Here is how to calculate the lot sizes when Jack prefers to be honest. (I had a complex method involving dynamic programming but Peter Carpenter of Gwent, Wales showed me a much more elegant one.) The last lot Harout sends should have one coin. If he sends more coins at the end, Jack will certainly steal them. The next to last lot should have 2, then 3 and so on. This tells us how many to send if Harout's initial coin collection is of size 1 coin, 3 coins, 6, 10, 15, 21, 28, 36 ... coins.

These "perfect coin numbers" are derived from the series 1, 1+2, 1+2+3, 1+2+3+4, .... If Harout has 1+2+3+...+n coins initially, then he divides them into lots of size n, n-1, n-2, ..., and 1 and sends them in descending order. If Harout's initial collection is not a perfect number of coins, then his first lot is the number that will reduce his collection size to the next lower perfect coin number. For example, if he has 31 coins, his first lot will consist of 3 coins (reducing the remainder to 28, which is 1+2+3+...+7).

If Jack prefers to be dishonest when profits are equal, then the argument becomes somewhat more complex. Below I sketch a solution that relies on the techniques called dynamic programming and recursion. If you find the going to be too rough, then you can get something very close by following puzzle enthusiast Peter Carpenter's approach: Given n coins, divide the lots based on the Jack-the-good-guy model for n-1 coins and then send 1 coin at the end. The following approach is just slightly better:

Let the function Merchant(n) = the number that the merchant will retain from the last n coins if the smuggler has been honest until that point and the merchant plays optimally.

The function Smuggler(n) = the number that the smuggler will get from the last n coins assuming the merchant follows the merchant's optimal strategy.

The function Try(n,k) determines what will happen when k are sent from the remaining n. If the smuggler will make at least as much from stealing the k as from taking a commission of 1 plus whatever the smuggler would earn from the merchant's strategy for n-k, then the smuggler will steal. Otherwise he won't.

We can define the value of Try(n,k) thusly:
If k >= [1 + Smuggler(n-k)], then the smuggler will steal the k. The merchant will deliver (n-k)/2 more to Zurich than he has already received and the smuggler will receive the k he has stolen in addition to whatever he has received as commission.

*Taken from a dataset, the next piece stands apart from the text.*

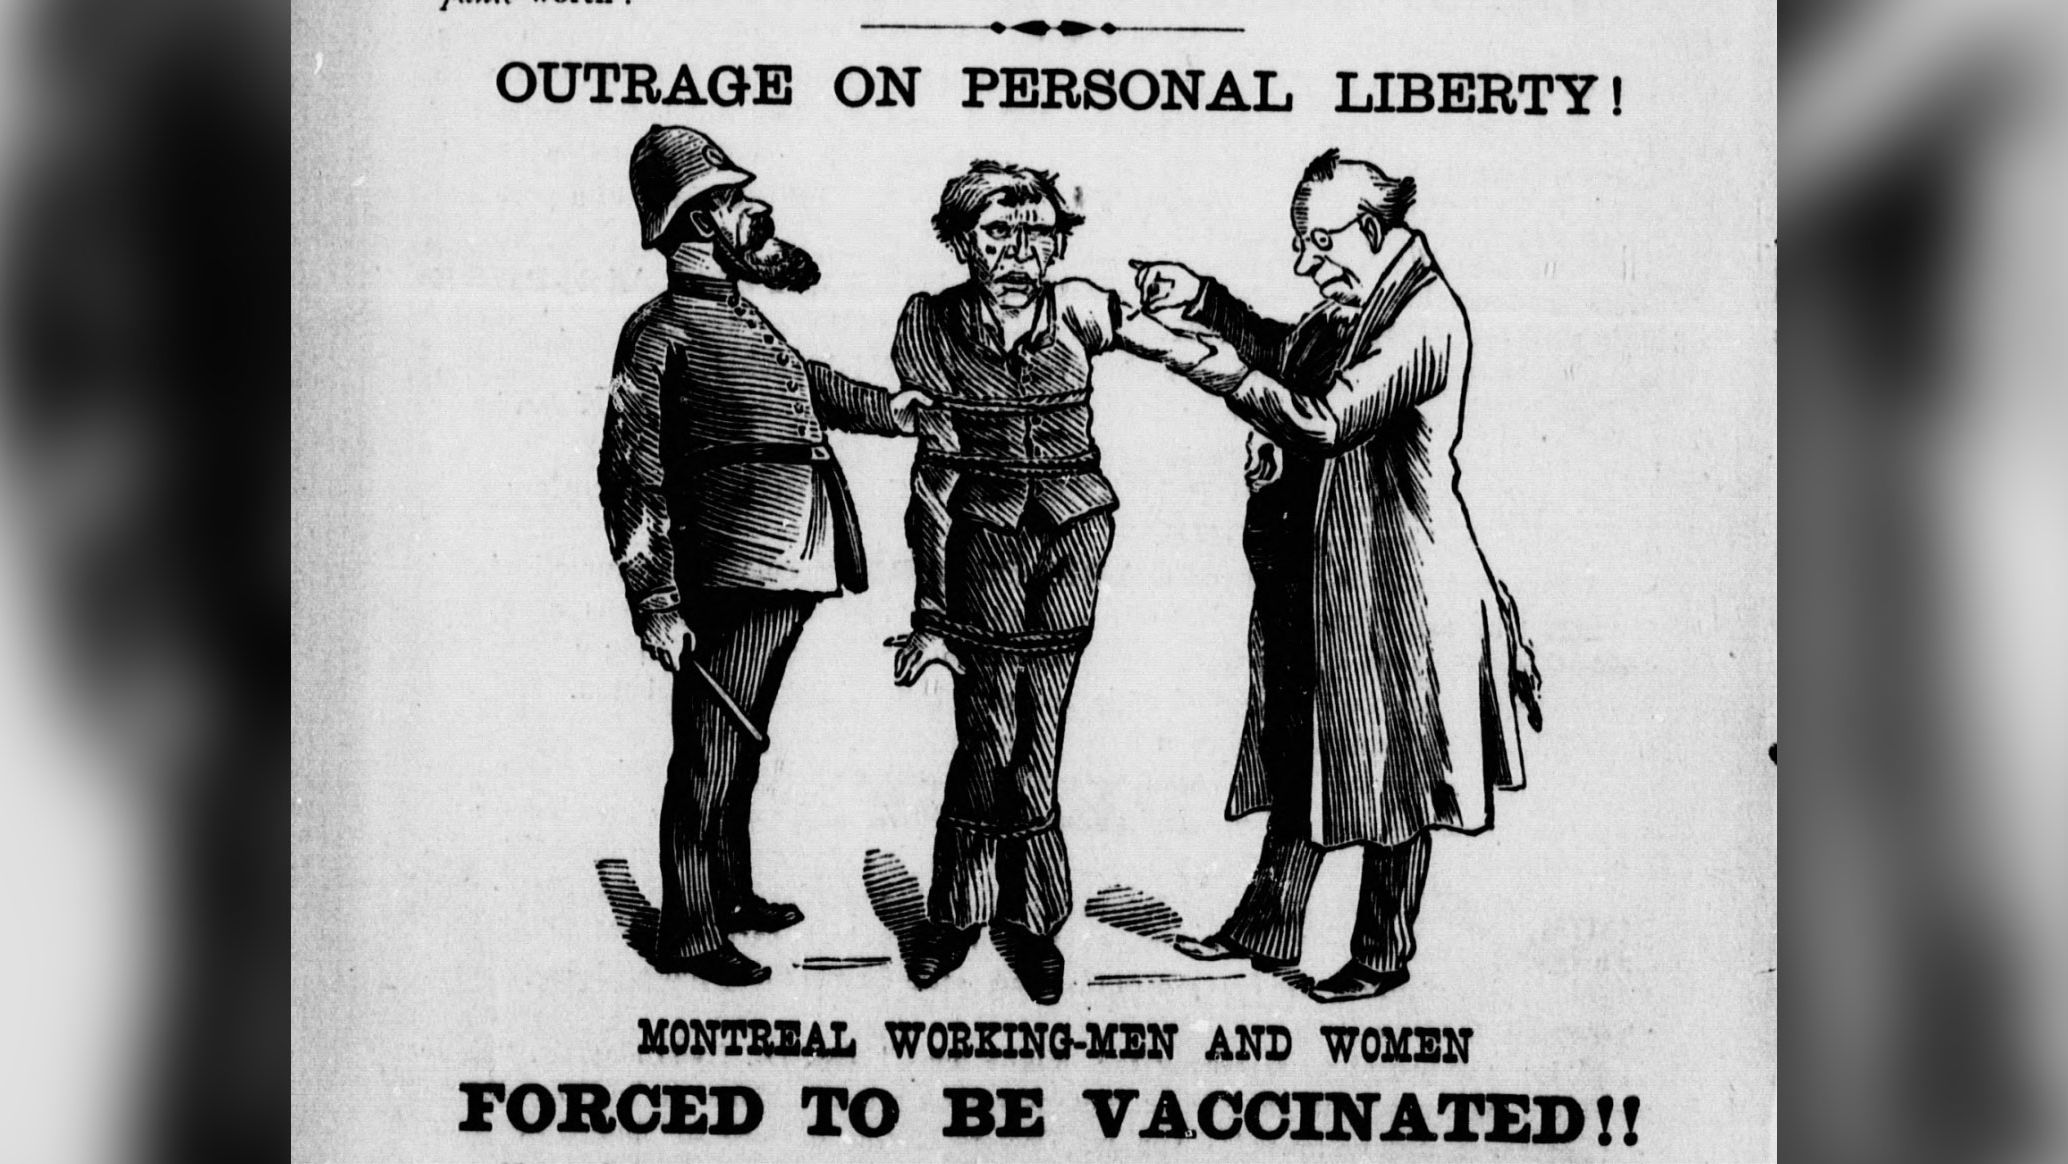 This cartoon depicts a working-class man being forcibly vaccinated by a health official, while held by a policeman.

Otherwise, the smuggler won't steal. The merchant will then deliver k-1 on the current trip plus the value of Merchant(n-k). The smuggler will gain 1 for this trip plus the value of Smuggler(n-k).

We can set Merchant(0) = 0 and Smuggler(0) = 0, and also Merchant(1) = 0 and Smuggler(1) = 1 (because Harout will send his last coin with Jack if Jack has been honest up to that point).

Then we can build upwards from there. Suppose we have computed Merchant and Smuggler for inputs up through n-1. To figure out what the merchant should do when he has n coins and the smuggler has been honest up to that point, imagine that the merchant evaluates Try(n,k) for every k from 1 to n-1. The merchant then chooses the value of k that is best for him and chooses that as his next lot.

That reasoning generates an optimal division of lots. For example, with 12 coins initially, the lots would be 4, 3, 2, 2, 1. Jack will deliver the 4, the 3, and the first 2, but won't deliver the second 2, so Harout will send the last value by insured carrier.